A roundup of news on the left...
1.Exclusive: Private schools pocket millions in Covid loans denied to state schools-openDemocracy
Private schools were handed more than £157m in government-subsidised loans during the pandemic, under a scheme that barred state schools from applying, openDemocracy reports.
In yet more evidence of just how much Tory levelling up is a total sham, public schools like Charterhouse were among those who benefitted from Covid loans, as state schools continued to miss out, further embedding inequality in our two-tier education system.
openDemocracy reports: “Many loans went to the former private schools of government ministers, including the Levelling Up secretary Michael Gove (Robert Gordon’s College); home secretary Suella Braverman (Heathfield School); health secretary Steve Barclay (Reading Blue Coat); and Scottish secretary Alister Jack (Glenalmond College).
“Armed forces minister Johnny Mercer’s old school, Eastbourne College, also received a loan.”
2. This NHS Crisis Was Years in the Making-Tribune
John Lister has written a piece for Tribune on how the current crisis affecting the NHS is not the result of Covid or union strikes but the result of over a decade of Tory austerity and underfunding.
The government has sought to present the pressures facing the NHS as resulting from Covid and strikes, however as Lister writes: “It was not strike action or Covid that almost doubled England’s waiting list from 2.5 million in 2010 to 4.6 million at the end of 2019, nor have strikes been the cause of the subsequent rise to 7.2 million. It was not industrial action, but systematic government underfunding and lack of NHS capacity that meant 2.91 million patients had been waiting over eighteen weeks for treatment in October 2022, with 410,983 of them waiting over a year.”

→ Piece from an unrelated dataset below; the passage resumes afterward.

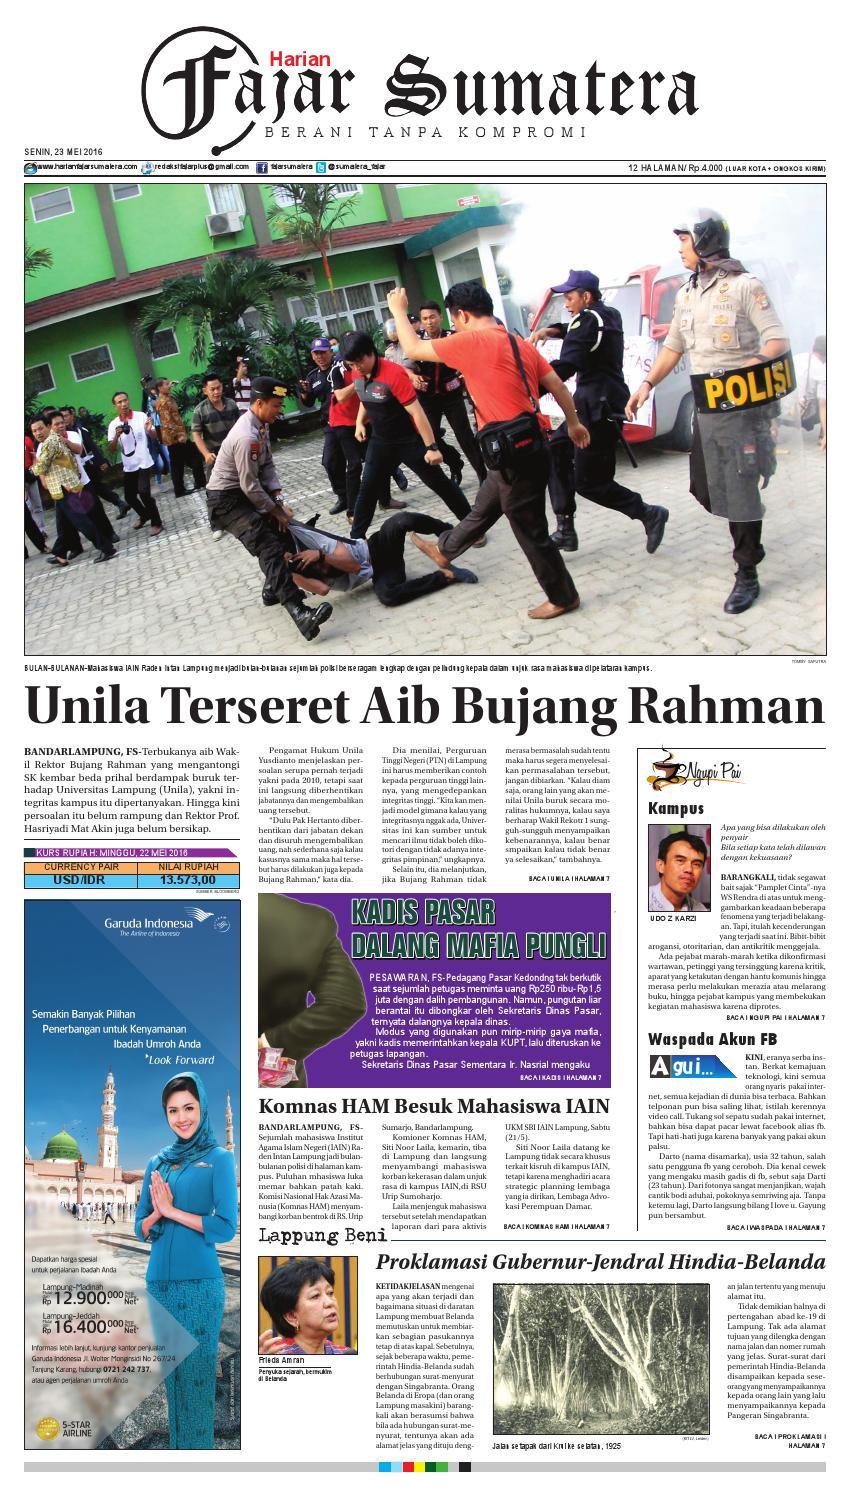 Fajar Sumatera L Senin 23 Mei 2016 By Issuu Produk Ukm Bumn Tekiro Tang Buaya 10
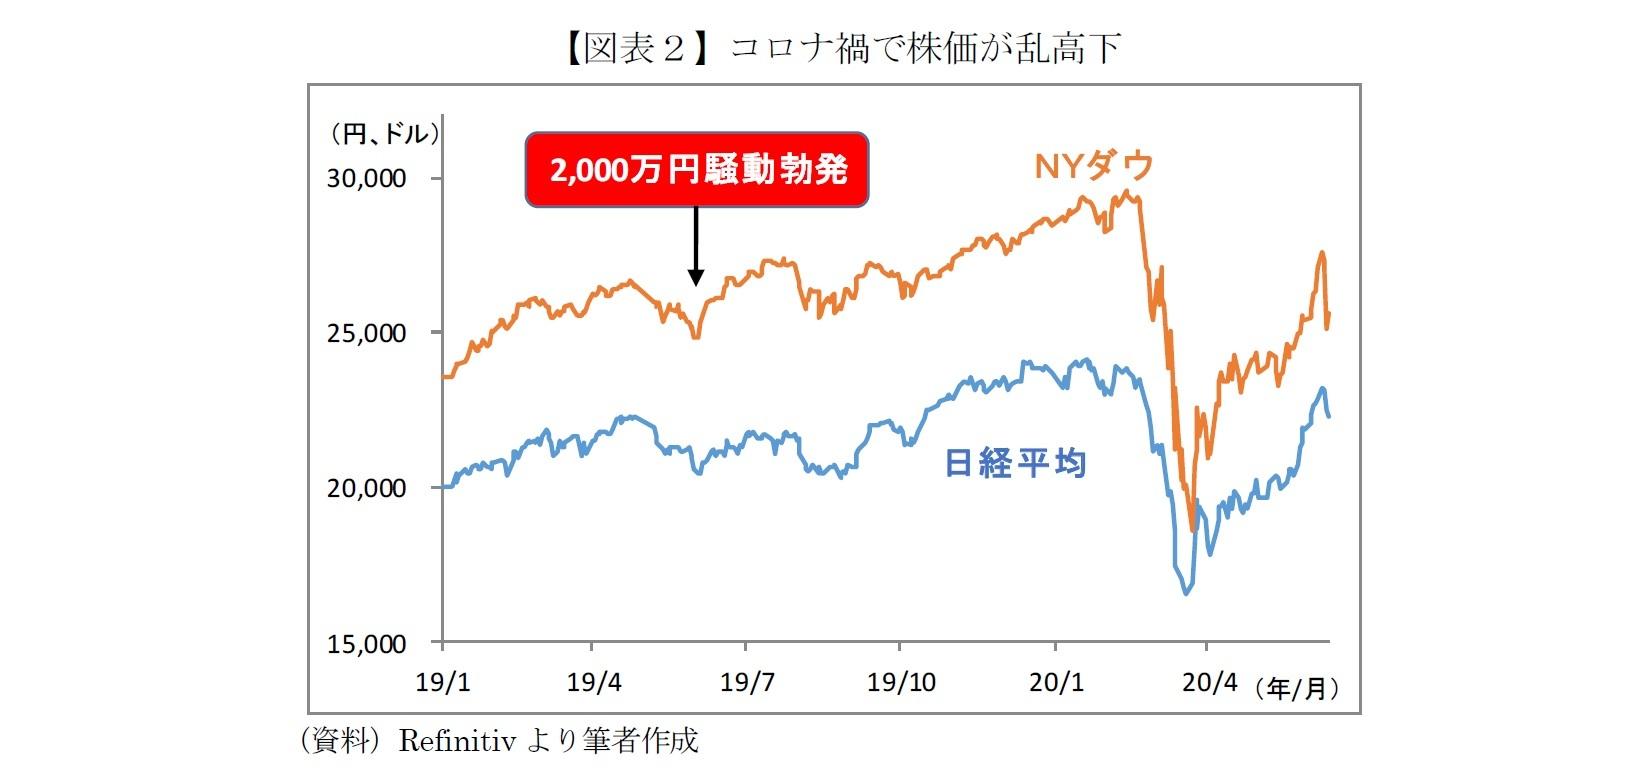 【図表2】コロナ禍で株価が乱高下

He adds: “The Royal College of Emergency Medicine warns the emergency delays could be costing between 300 and 500 people their lives per week, ambulance chiefs have warned 160,000 patients a year are being harmed, while the Society for Acute Medicine warns the situation in A&E is ‘unbearable”.
3. Number of Single Parent Households in Severe Food Insecurity Doubles-Byline Times
The number of single parent families who are severely food insecure has doubled since 2019/20, according to new research published this week, Byline Times reports.
It comes as families across the country continue to struggle during the cost of living crisis, while the government continues to bury its head in the sand.
Single parent families who can’t afford food essentials has increased from 9% to 18%, while nearly a quarter of people (23%) receiving means-tested or disability benefits are severely food insecure this winter, up from 4% pre-pandemic.
Yet another shameful record for the current government.
4.The waste of human potential allowed by the Tories must end. With Labour, it will-LabourList
Jonathan Ashworth, Labour’s Shadow Work and Pension’s Secretary, has written a piece for LabourList on the employment crisis facing the country, with over a million people out of work, despite wanting a job.
Ashworth writes: “Since the pandemic, the UK’s performance on supporting people into work has been uniquely disastrous amongst major economies. Our employment rate has seen the biggest fall in the G7. Employers are struggling to fill more than a million vacancies. And unemployment is forecast to rise by a further half a million by 2024.”
On solutions, he adds: “A Labour Department for Work and Pensions will hand resources to local areas, giving communities the means to deliver targeted support for the most vulnerable and tailored help for those facing complex barriers to accessing work. We will replace the status quo of rigid, national contracting to guarantee that every area can provide services suited to its local economy and workforce.
“For the next Labour government, joblessness will never be a price worth paying. People deserve the independence, inclusion and fulfilment of decent employment and security if they cannot work. The waste of human potential the Tories have overseen must end – and with our plan, it will.”
5. Tory plans to rush ‘sunsetting’ of EU laws could put rights of millions of workers at risk-Morning Star
The workplace rights of more than 8 million people are being endangered by Tory plans to “rush the sunsetting” of EU laws by the end of 2023, the Morning Star reports.
The think tank the Work Foundation says that protections for part-time, fixed-term and agency staff will be in the greatest jeopardy ‘if the government presses ahead with post-Brexit plans to amend, replace or scrap thousands of pieces of EU legislation by December 31’.
The think tank warns that working time directives and paid holiday entitlements are among the regulations that could be weakened by the Retained EU Law Bill currently going through Parliament.
Work Foundation director Ben Harrison said: “UK workers are already facing the worst cost-of-living squeeze in generations and the prospect of rising unemployment.
“The last thing millions need is a year of uncertainty in relation to their basic employment rights, but that is exactly what the government’s current approach provides.”